**Task requirements:**
Copy the lines below as they are; omit the images they contain.

**Raw data:**
::::

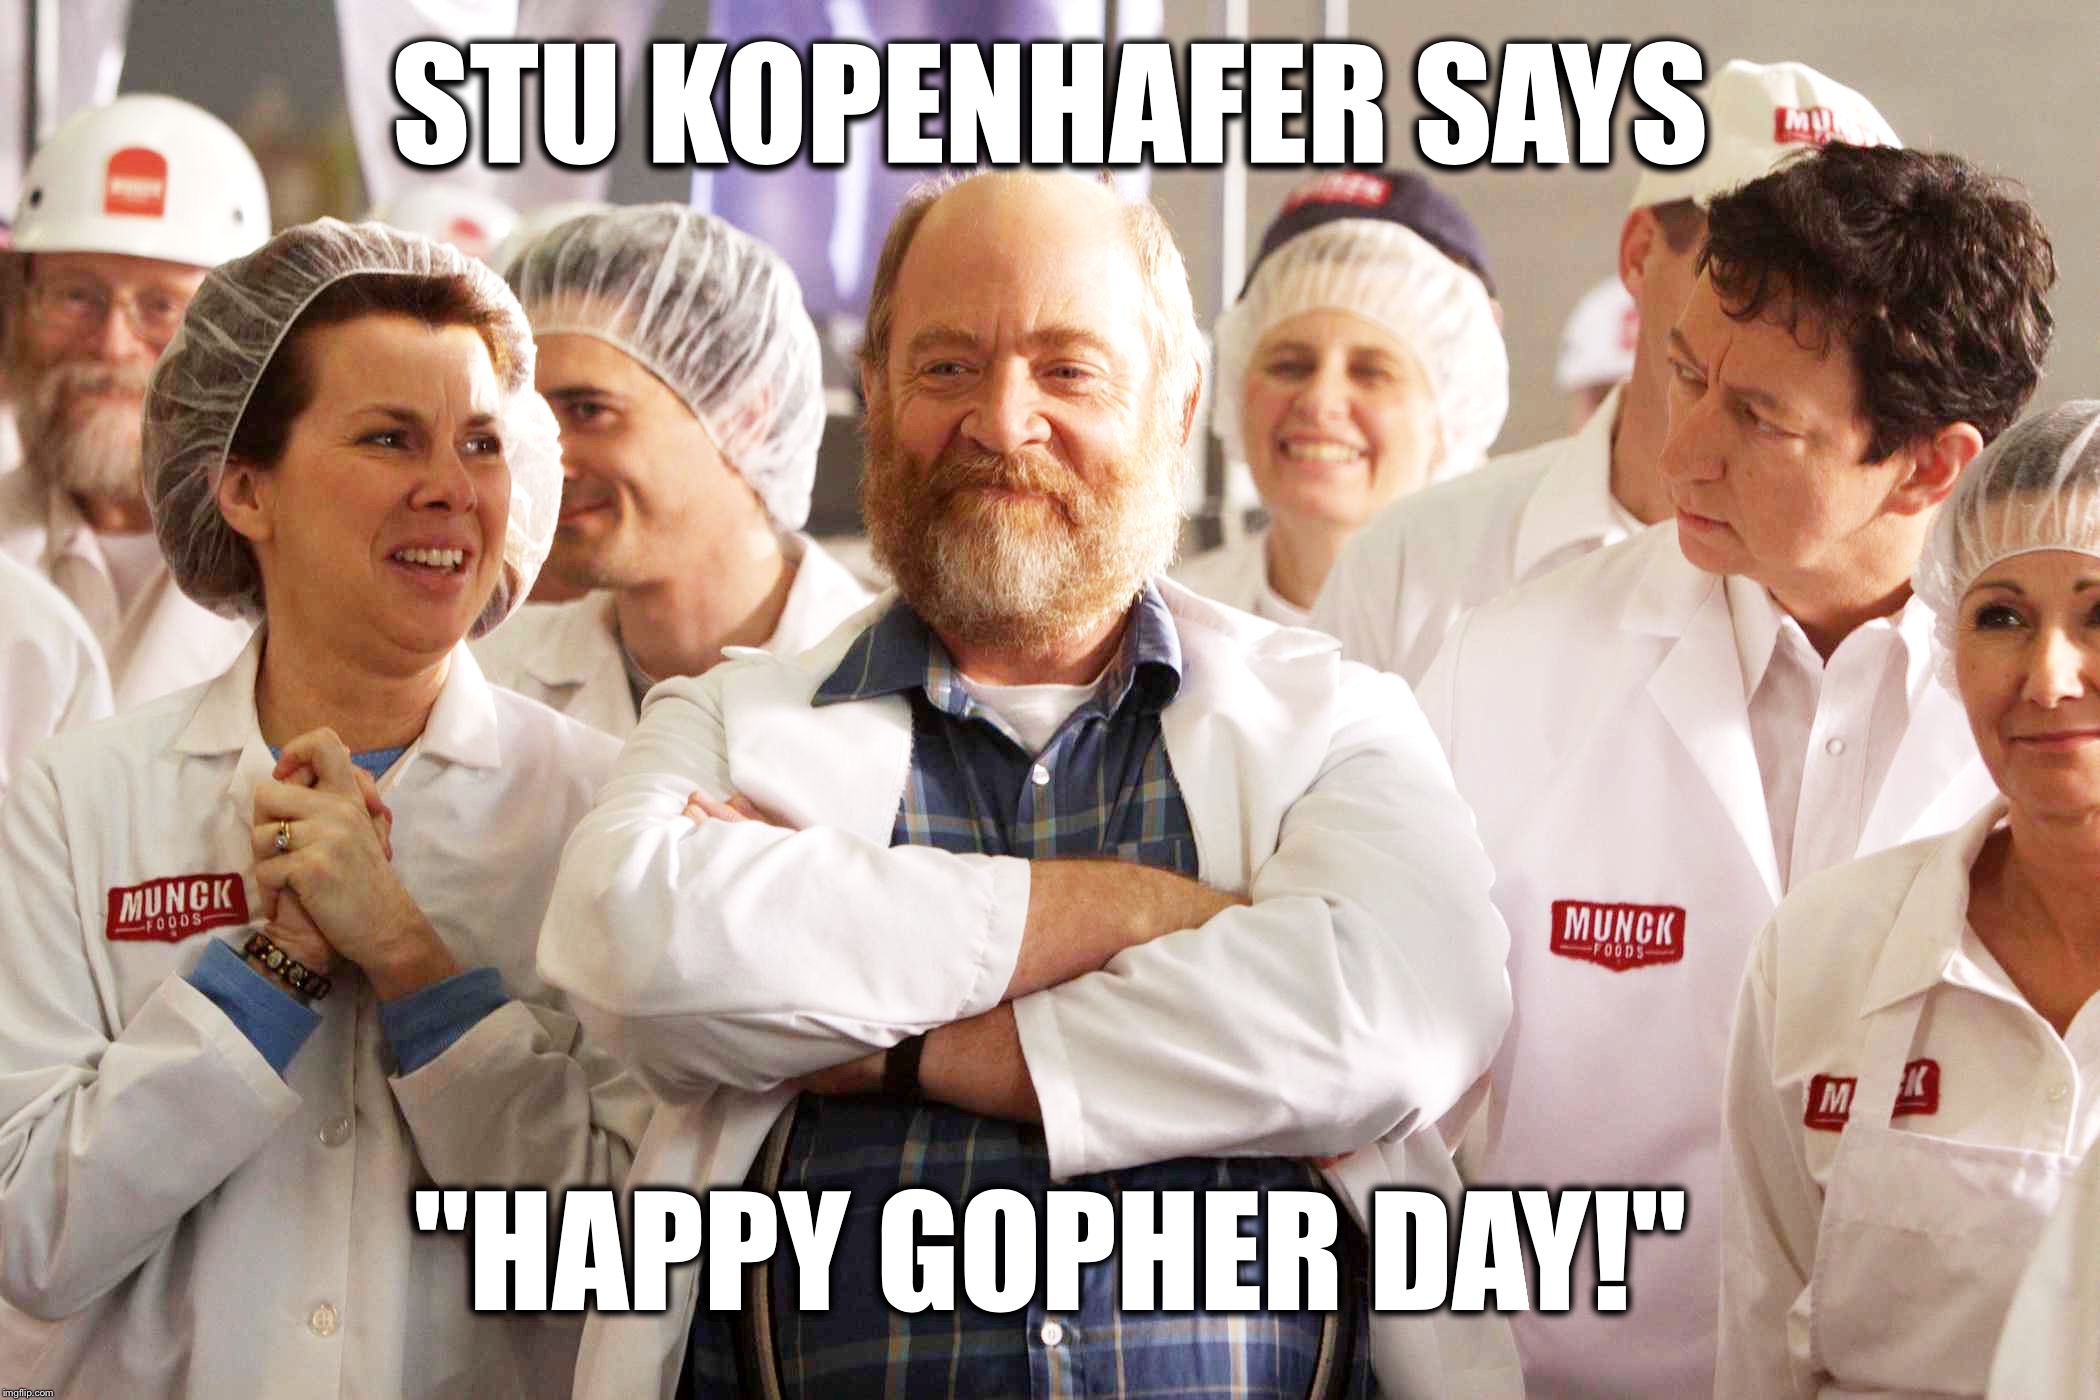 Happy Gopher Day | STU KOPENHAFER SAYS "HAPPY GOPHER DAY!" | image tagged in happy gopher day | made w/ Imgflip meme maker
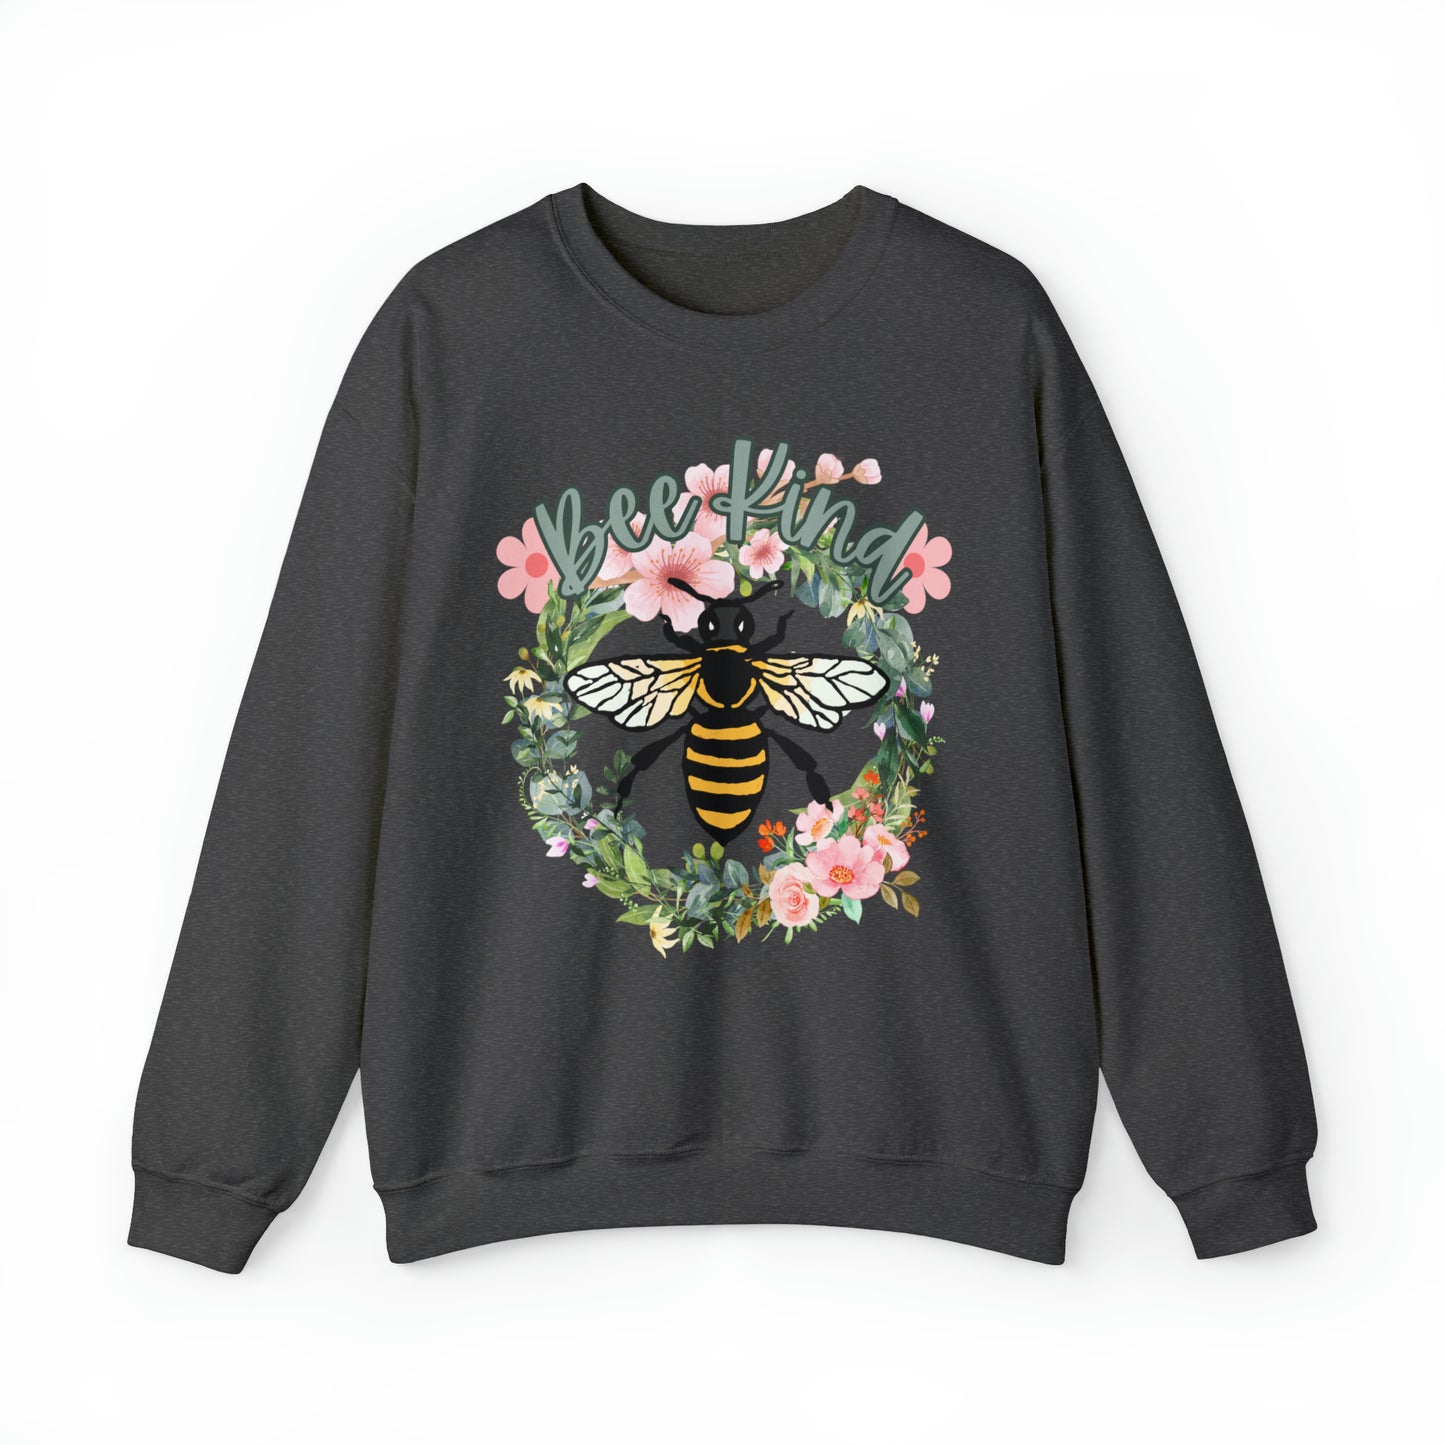 Adult "Bee Kind" Unisex Heavy Blend Crewneck Sweatshirt
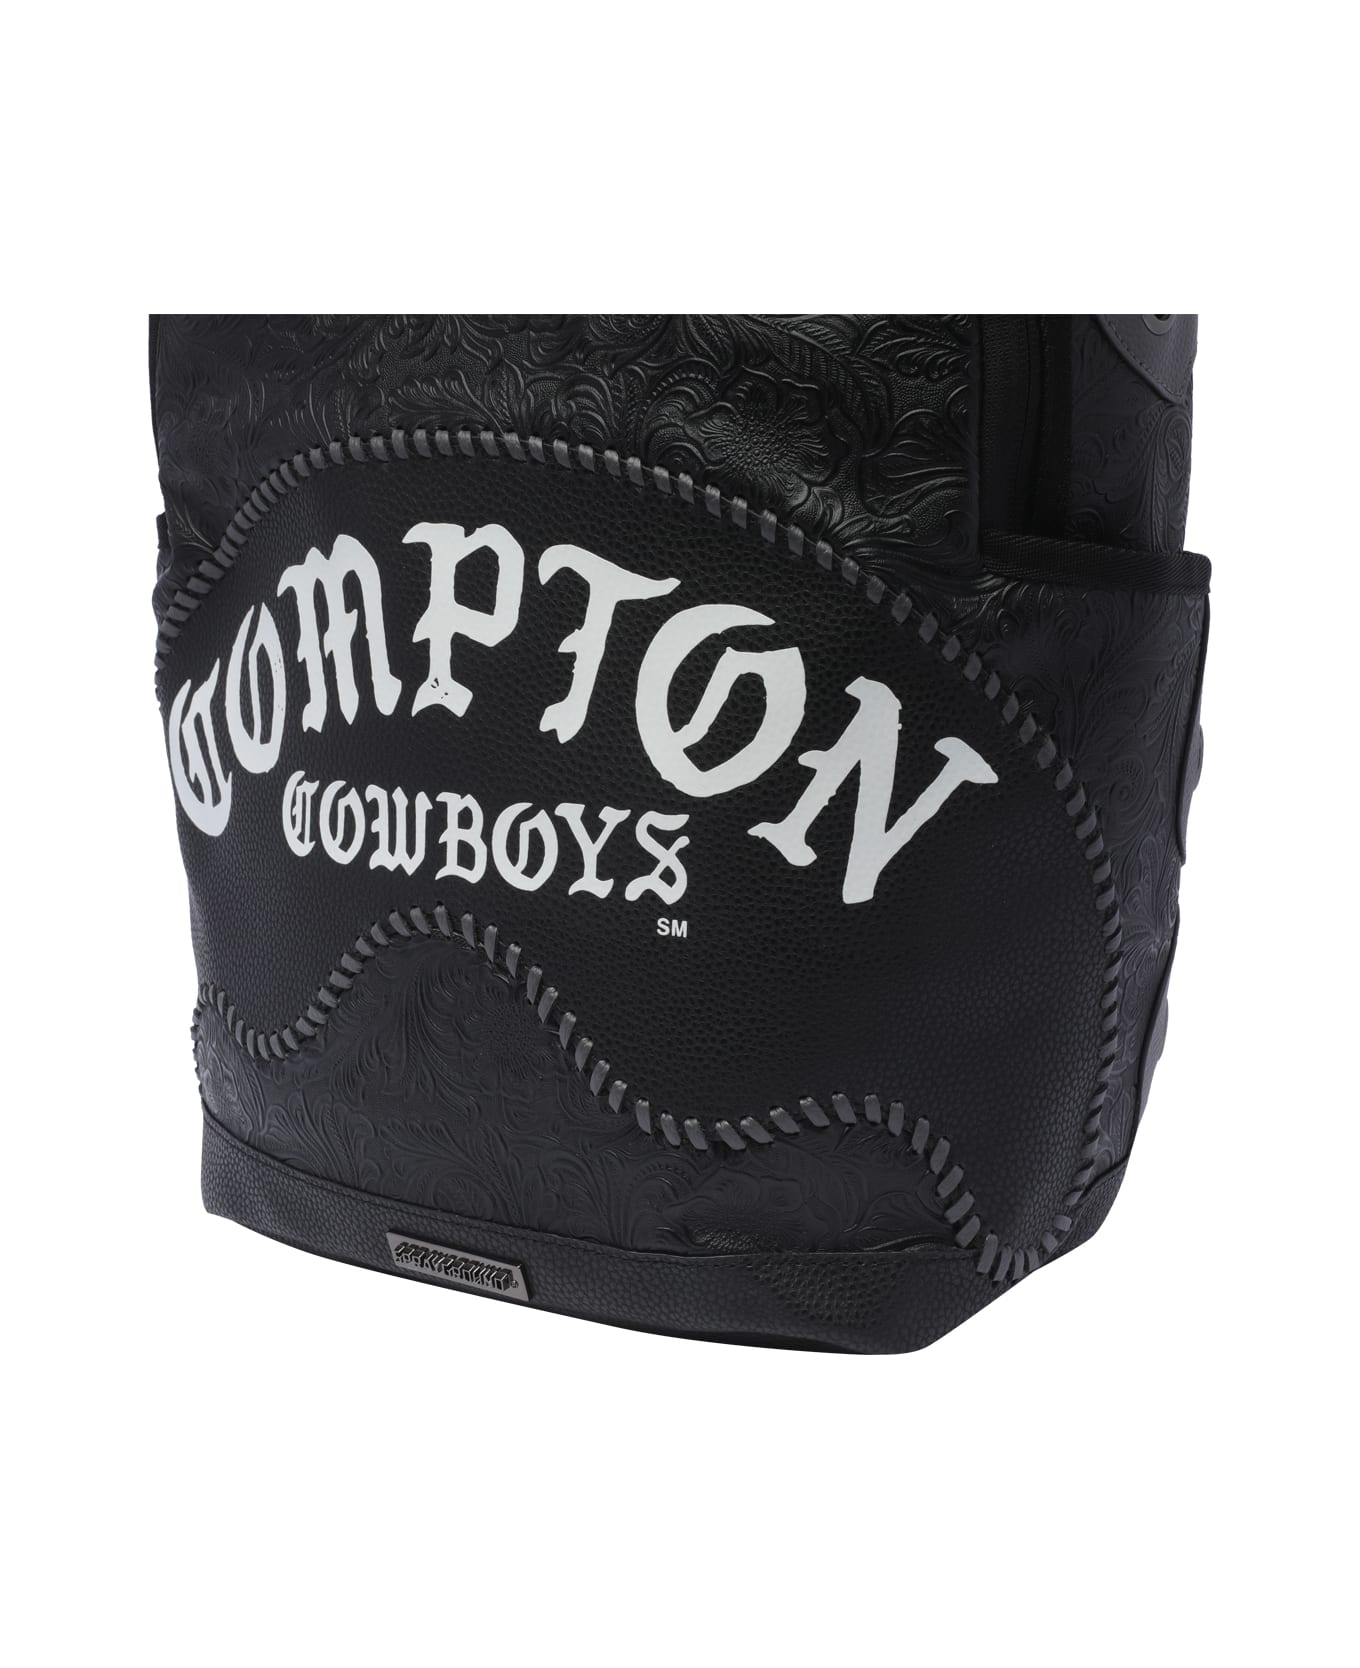 Sprayground Compton Backpack - Black バックパック

::::

**Answer space:**
 Happy Gopher Day | STU KOPENHAFER SAYS "HAPPY GOPHER DAY!" | image tagged in happy gopher day | made w/ Imgflip meme maker
 Adult "Bee Kind" Unisex Heavy Blend Crewneck Sweatshirt
 Sprayground Compton Backpack - Black バックパック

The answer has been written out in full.